This post builds on the previous post where we started off with building the prototype of the application in Jupyter notebooks. In this post we will see how to convert our prototype into Python scripts. Converting into python script is important because that is the basis for building an application and then deploying them for general consumption.

File Structure for the project

First let us look at the file structure of our project.

The directory RL_Recomendations is the main directory which contains other folders which are required for the project. Out of the directories rlreco is a virtual environment we will create and all our working directories are within this virtual environment.Along with the folders we also have the script rlRecoMain.py which is the main driver script for the application. We will now go through some of the steps in creating this folder structure

When building an application it is always a good practice to create a virtual environment and then complete the application build process within the virtual environment. We talked about this in one of our earlier series for building machine translation applications . This way we can ensure that only application specific libraries and packages are present when we deploy our application.
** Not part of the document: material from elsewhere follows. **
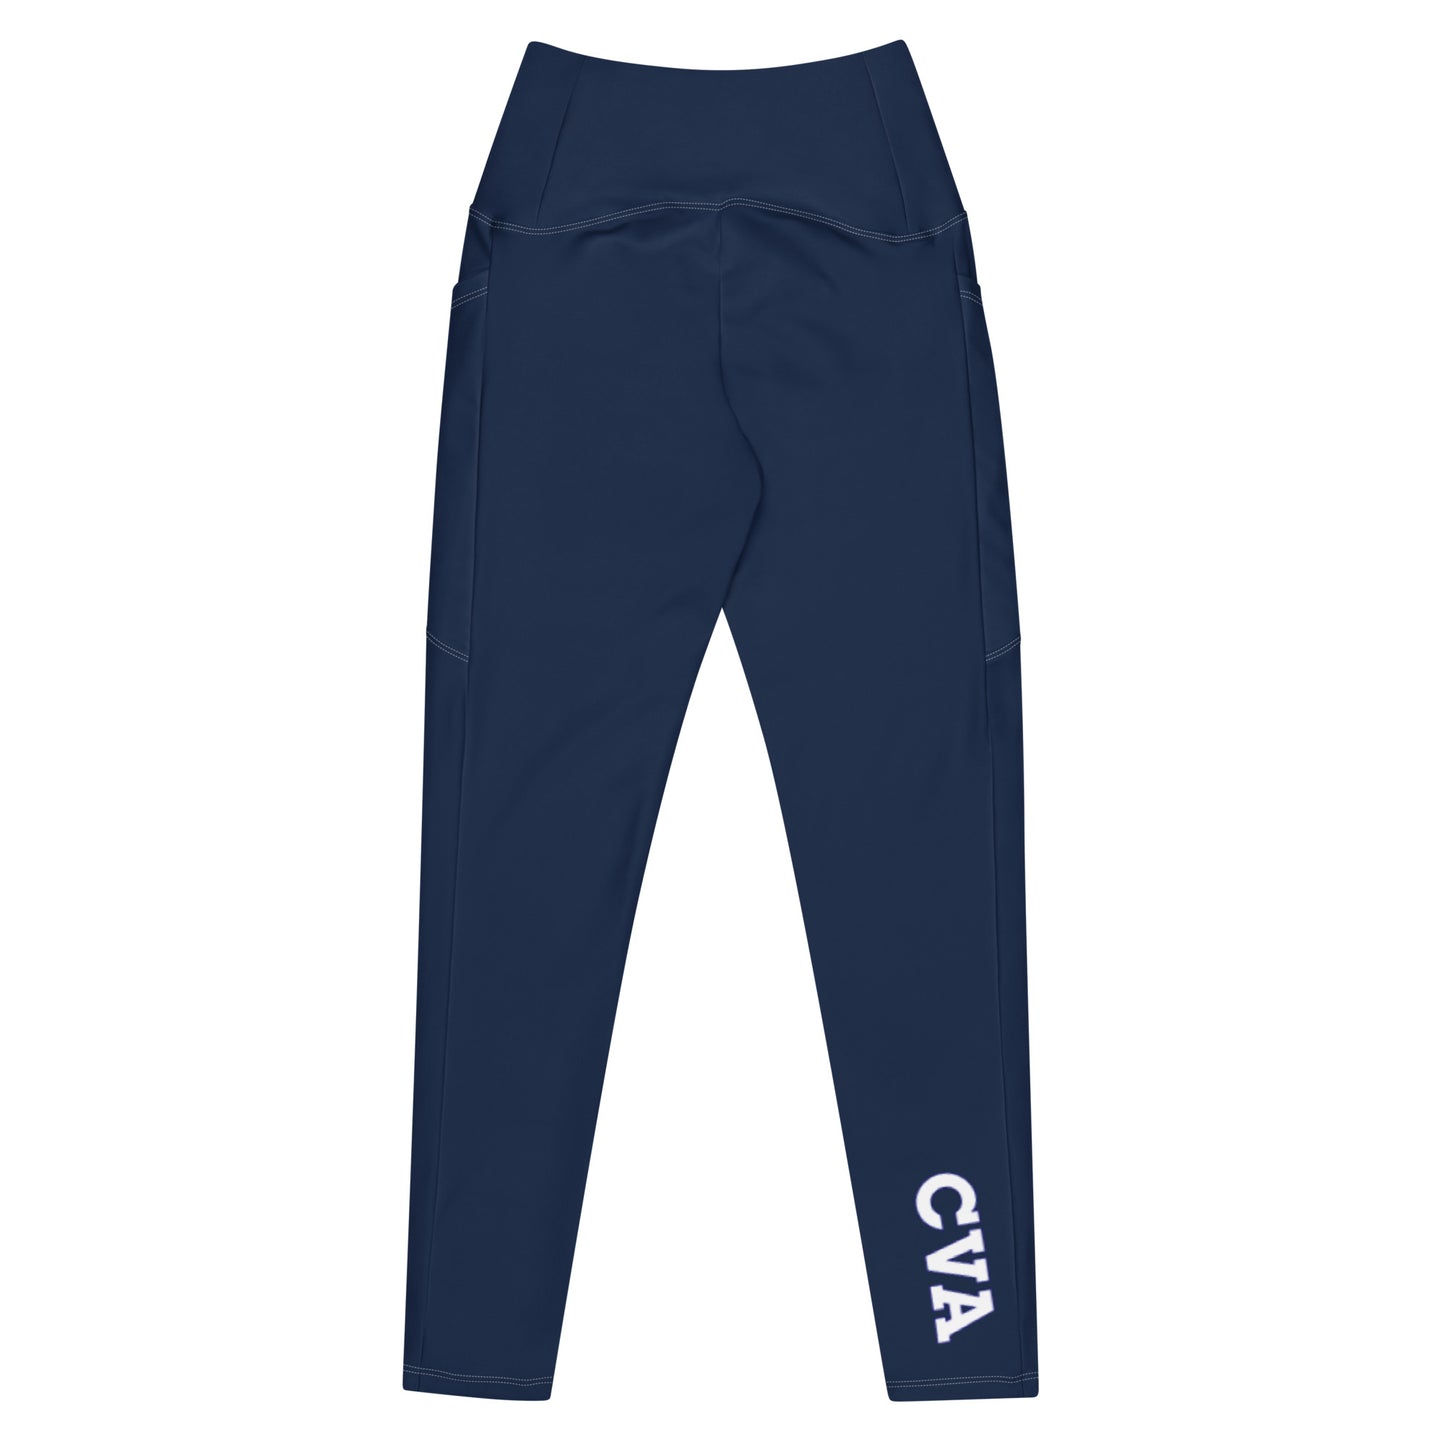 Crossover Leggings with Pockets - Navy

Let us first create a separate folder in our drive and then create a virtual environment within that folder. In a Linux based system, a seperate folder can be created as follows

$ mkdir RL_Recomendations

Once the new directory is created let us change directory into the RL_Recomendations directory and then create a virtual environment. A virtual environment can be created on Linux with Python3 with the below script

RL_Recomendations $ python3 -m venv rlreco

Here the rlreco is the name of our virtual environment. The virtual environment which we created can be activated as below

RL_Recomendations $ source rlreco/bin/activate

Once the virtual environment is enabled we will get the following prompt.

(rlreco) ~$

In addition you will notice that a new folder created with the same name as the virtual environment. We will use that folder to create all our folders and main files required for our application. Let us traverse through our driver file and then create all the folders and files required for our application.

Create the driver file

Open a file using your favourite editor and name it rlRecoMain.py and the insert the following code.

import argparse
import pandas as pd
from utils import Conf,helperFunctions
from Data import DataProcessor
from processes import rfmMaker,rlLearn,rlRecomend
from utils import helperFunctions
import os.path
from pymongo import MongoClient

Lines 1-2 we import the libraries which we require for our application. In line 3 we have to import Conf class from the utils folder.

So first let us create a folder called utils, which will have the following file structure.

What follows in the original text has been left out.